[Cryptography] LUKS on ATA versus on SSD
John Levine
johnl at iecc.com
Thu Jan 1 22:18:23 EST 2026
It appears that Jon Callas <jon at callas.org> said:
>Think of it slightly differently -- you're right but over-complexifying it. In the Bad Old Days, there was Physical IO. For a disk
>(and they were all rotating rust), physical IO was a three-dimensional coordinate of [track, sector, platter] and even a geometric
>concept of "cylinder" which is important for performance. Physical IO would make your tear your hair out, and was also heavily
>restricted --- in VMS, for example, there was a privilege for doing physical IO that was as dangerous as being
>+ in kernel mode. ...
Oh, it was way messier than that. On IBM 360 mainframes, the physical structure
of the disk was visible to application programs. Each disk had a fixed number of
cylinders and tracks. (A cylinder was the set of corresponding tracks on each
surface, since switching from one track to another within a cylinder was
electronic, while moving from one cylinder to another meant physically moving
the disk heads.) A file, which they called a dataset, was allocated a set of
cylinders if it was big, or tracks if it was small. Each track was formatted
with records which could be of arbitrary size, set up when a dataset was
created.
The disks were run via channels, specialized computers that managed I/O. A
channel program would have a command to seek the heads to the desired cylinder
and select the track, then a loop looking for the desired record (they were
numbered on each track), then read or write the record. Application programs
provided their own channel programs, which they told the operating system to
run, after it used channel features that limited the user program to the
assigned cylinder or track. Usually the channel programs were written by I/O
libraries, called access methods, but it was not uncommon for applications like
databases to write their own to get high performance or use quirks of the disk
hardware.
One or two tracks per cylinder were kept as spares. If a track was found to be
defective when the disk was formatted, one of the spares was assigned as an
alternate and the bad track had a special record written to point to the
alternate. If a track subsequently went bad, utility programs could try and
recover what records it could from the bad track and move them to a newly
assigned alternate.
This is greatly oversimplified; I'm leaving out the hardware key feature that
supported ISAM, the earliest key->data storage, and other details.

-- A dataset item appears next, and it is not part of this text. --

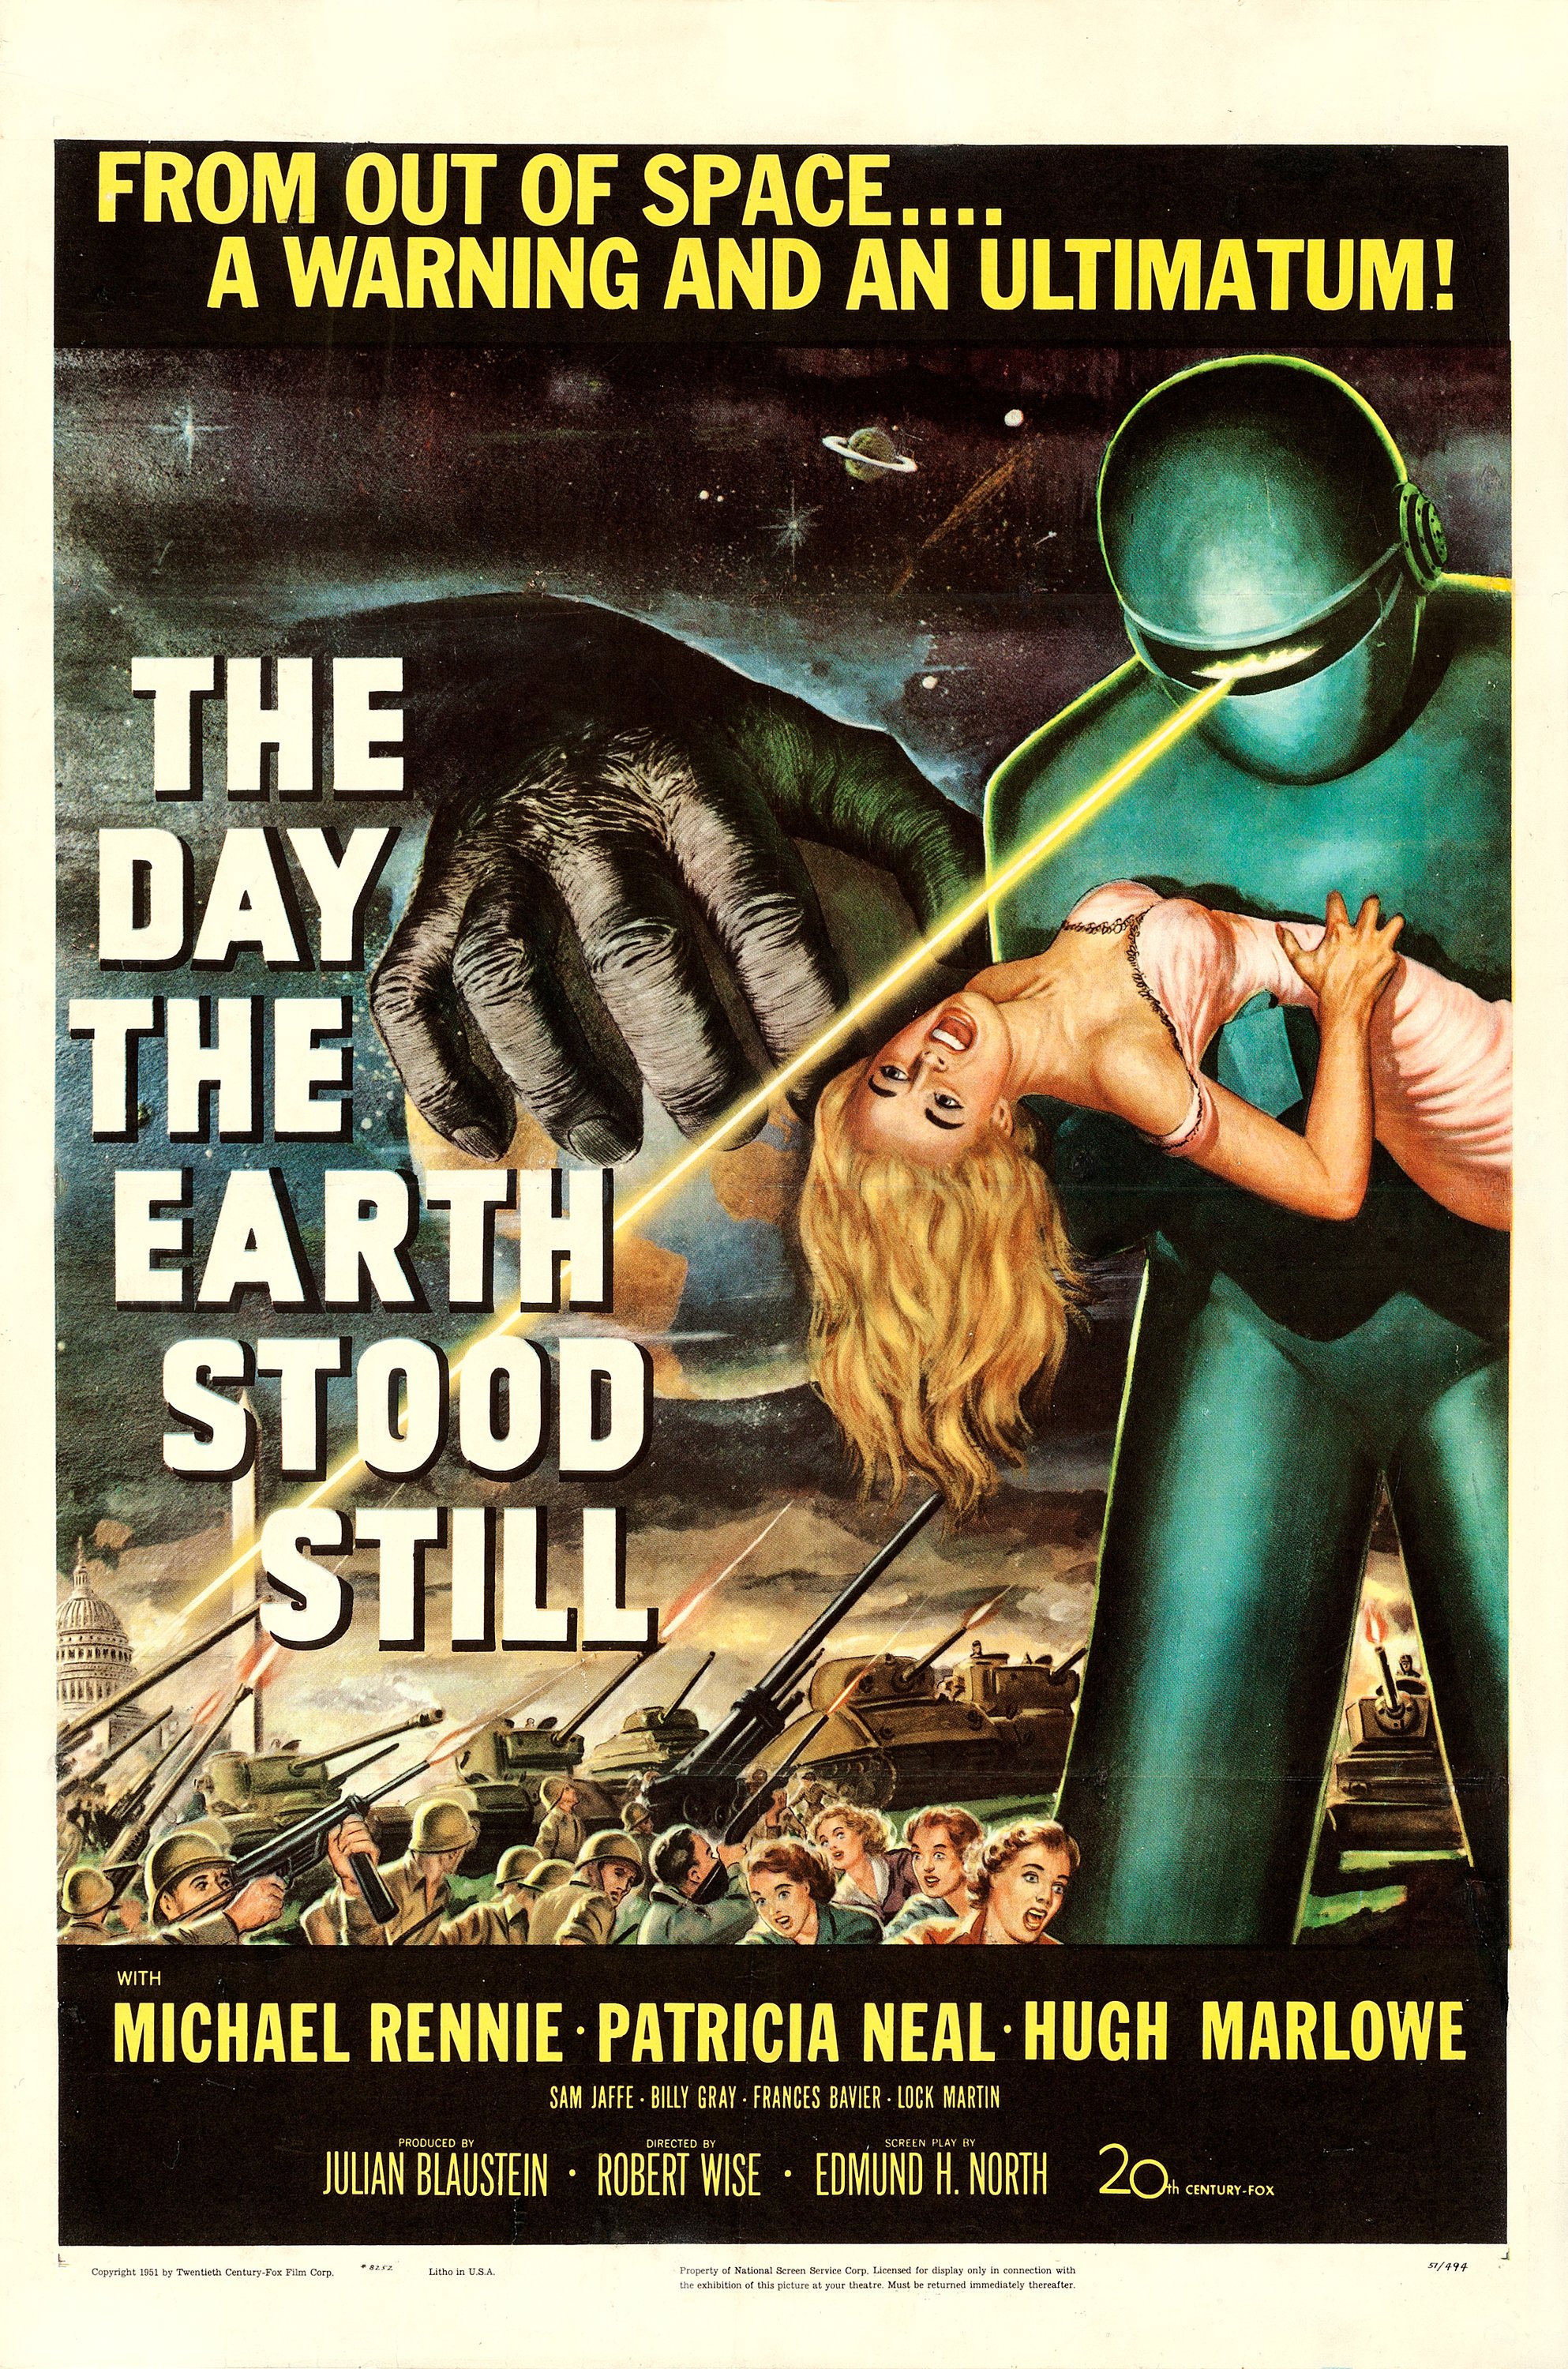 image for the day the earth stood still

>From this you can see that while data was usually written to the place you
expected, it might instead be on an alternate track, or even might later be
moved to an alternate track. If a track was defective that meant that part of it
was bad, but quite possibly most of it was still good and could be read. Modern
disks do way more of this, and hide it all in the controller so you have no idea
where on the physical disk any particular data is, and techniques like load
leveling mean there's even less reason to expect that if you rewrite block N,
that it will be in the same physical block as the previous version.
Hence if your security model requires that you be able to erase data you don't
want any more, you lose, but that's nothing new -- you would have had the same
problem on disks 60 years ago. The point of encrypted disk formats is that if
someone doesn't have the decryption key, it doesn't matter whether they can read
the physical disk. Even if they can they can't tell what it said.